WORK TO BE COMPLETED ::
Please repeat the line that contains "Sexe,capitalisme et critique de valeur" and every line after it, exactly, through the end of the records.

(Extracted records)

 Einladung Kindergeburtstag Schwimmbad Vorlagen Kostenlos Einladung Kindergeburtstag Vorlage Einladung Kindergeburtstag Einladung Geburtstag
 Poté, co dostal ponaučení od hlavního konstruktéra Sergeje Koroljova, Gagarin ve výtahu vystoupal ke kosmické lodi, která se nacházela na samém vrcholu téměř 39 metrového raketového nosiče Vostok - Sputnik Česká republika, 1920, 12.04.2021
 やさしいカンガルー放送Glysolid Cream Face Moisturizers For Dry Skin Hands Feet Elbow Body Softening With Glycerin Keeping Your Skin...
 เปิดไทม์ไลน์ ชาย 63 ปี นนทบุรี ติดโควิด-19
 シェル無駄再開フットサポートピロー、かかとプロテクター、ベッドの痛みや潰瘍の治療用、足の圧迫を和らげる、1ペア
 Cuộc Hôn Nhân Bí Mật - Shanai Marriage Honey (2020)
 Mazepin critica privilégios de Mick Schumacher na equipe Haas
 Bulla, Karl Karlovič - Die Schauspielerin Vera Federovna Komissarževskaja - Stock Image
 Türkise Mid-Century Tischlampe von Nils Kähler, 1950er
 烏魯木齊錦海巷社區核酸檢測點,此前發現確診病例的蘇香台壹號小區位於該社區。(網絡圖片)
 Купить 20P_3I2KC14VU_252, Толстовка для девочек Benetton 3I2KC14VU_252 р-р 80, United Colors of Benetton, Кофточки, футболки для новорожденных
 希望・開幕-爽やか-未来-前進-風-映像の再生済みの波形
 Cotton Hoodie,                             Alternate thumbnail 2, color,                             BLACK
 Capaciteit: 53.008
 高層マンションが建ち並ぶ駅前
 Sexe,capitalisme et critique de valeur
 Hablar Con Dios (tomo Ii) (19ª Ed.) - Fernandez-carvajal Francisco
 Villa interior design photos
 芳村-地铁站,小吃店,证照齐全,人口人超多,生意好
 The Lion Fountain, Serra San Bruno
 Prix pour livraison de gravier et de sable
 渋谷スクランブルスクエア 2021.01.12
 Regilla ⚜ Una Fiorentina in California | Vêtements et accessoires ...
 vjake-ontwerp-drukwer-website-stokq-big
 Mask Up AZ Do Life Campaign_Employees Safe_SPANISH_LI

TASK RESULT ::
 Sexe,capitalisme et critique de valeur
 Hablar Con Dios (tomo Ii) (19ª Ed.) - Fernandez-carvajal Francisco
 Villa interior design photos
 芳村-地铁站,小吃店,证照齐全,人口人超多,生意好
 The Lion Fountain, Serra San Bruno
 Prix pour livraison de gravier et de sable
 渋谷スクランブルスクエア 2021.01.12
 Regilla ⚜ Una Fiorentina in California | Vêtements et accessoires ...
 vjake-ontwerp-drukwer-website-stokq-big
 Mask Up AZ Do Life Campaign_Employees Safe_SPANISH_LI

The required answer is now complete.